Hedge Fund Alpha GenerationIn the past few years, the returns on the HFRI Equity Index have had minimum contribution from Alpha generation. Similarly hedge fund alpha has fallen to negative levels in the last two years; however, it seems that the trend has reversed and has been moving up since mid-2012. However, the chart shows that hedge fund alpha was approximately 15% in 1990 and today is negative.

The HFRI Equity Index has gained 3.8 percent in the first two months of this year so far and it seems like hedge funds and asset managers are going to have a good run at least thorugh the first half of this year.

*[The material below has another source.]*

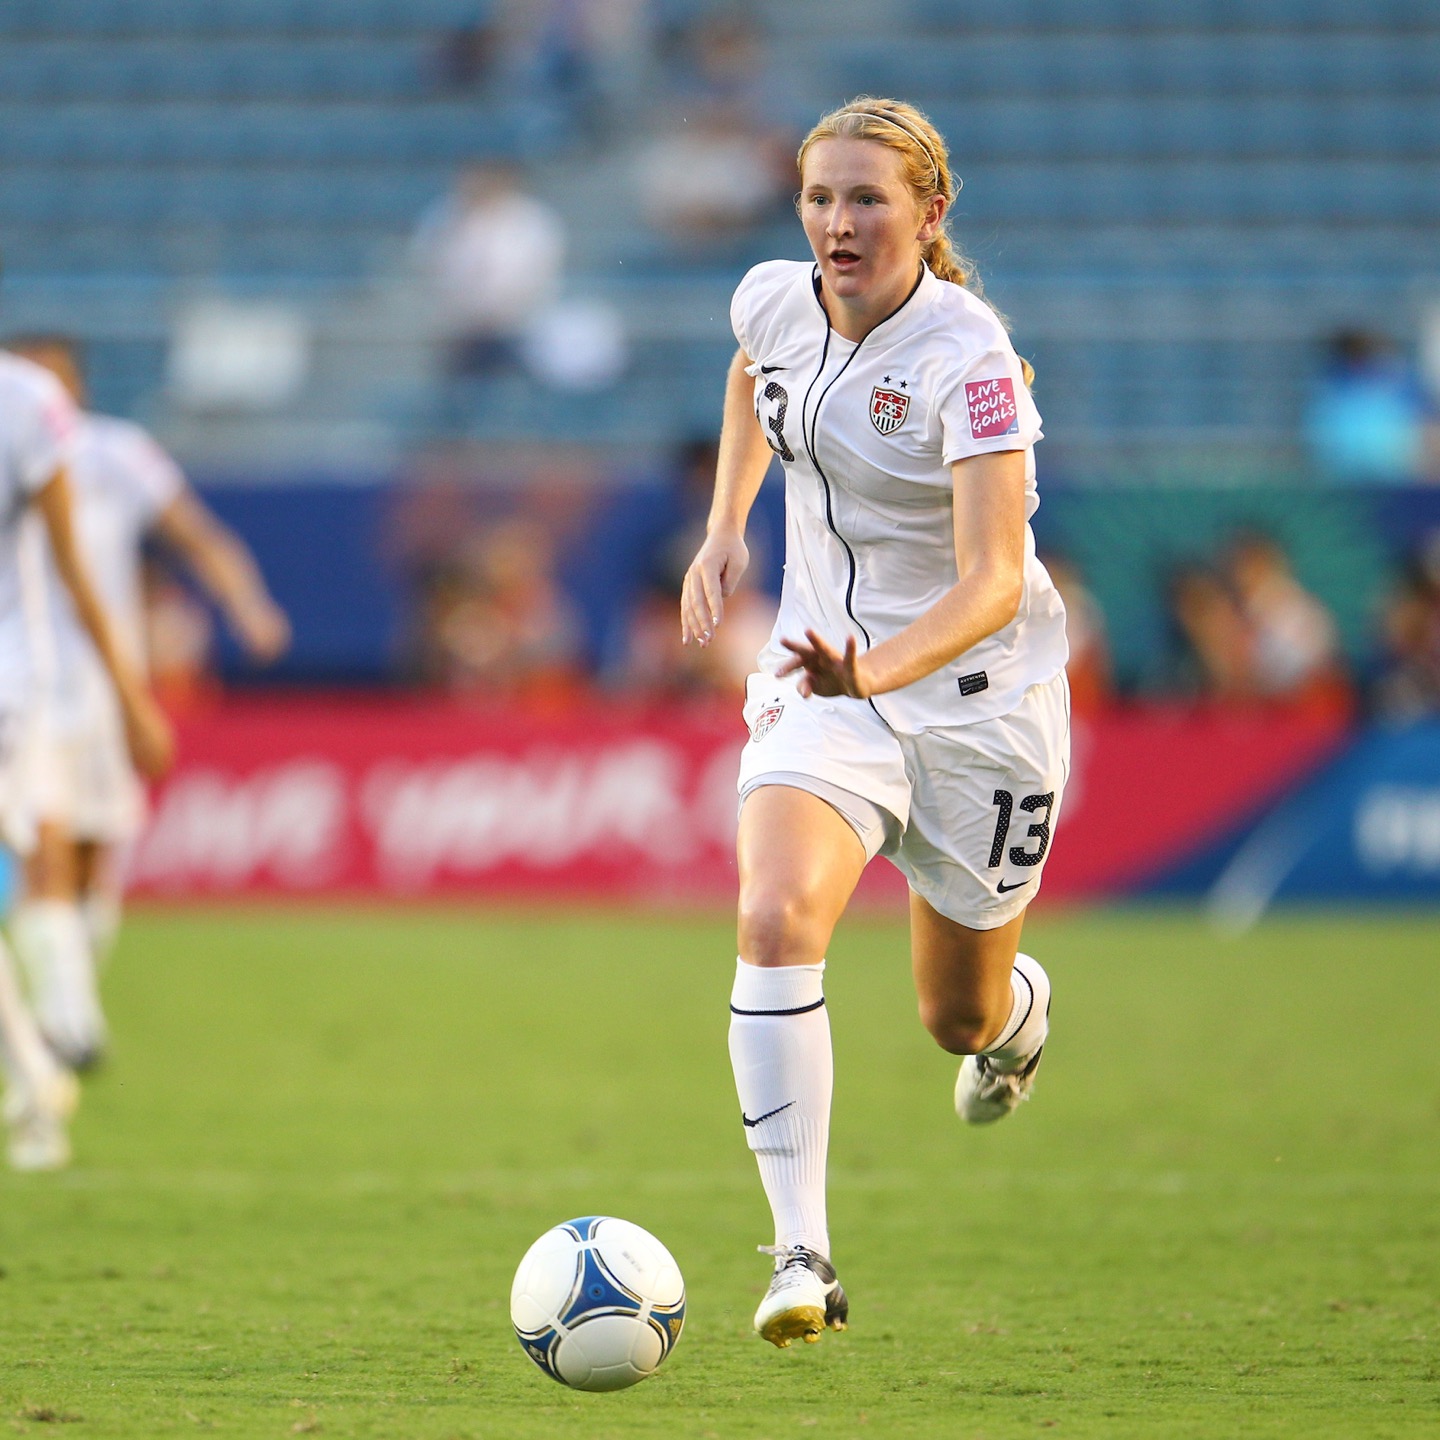 Samantha Mewis Voted 2020 U.S. Soccer Female Player of the Year

Across market sectors, the best factor alpha has been generated in Technology, Retail, Healthcare and Energy. Throughout the last year the growth stocks have outperformed the value stocks by a fair margin. Since the dawn of QE era, the factors like earnings growth and asset appreciation have been decoupled, which moved in unison in the past. Lately assets have appreciated when monetary easing policies were implemented.

Real earnings growth vs asset appreciation

Morgan Stanley (NYSE:MS)’s analysts estimate an EPS of $99 for 2013 and $110 for 2014. Revenue growth in the S&P 500 has been weak in the past six months, with negative or barely positive numbers posted in the last couple of quarters. The S&P 500 (INDEXSP:.INX) has gained 10.5 percent YTD.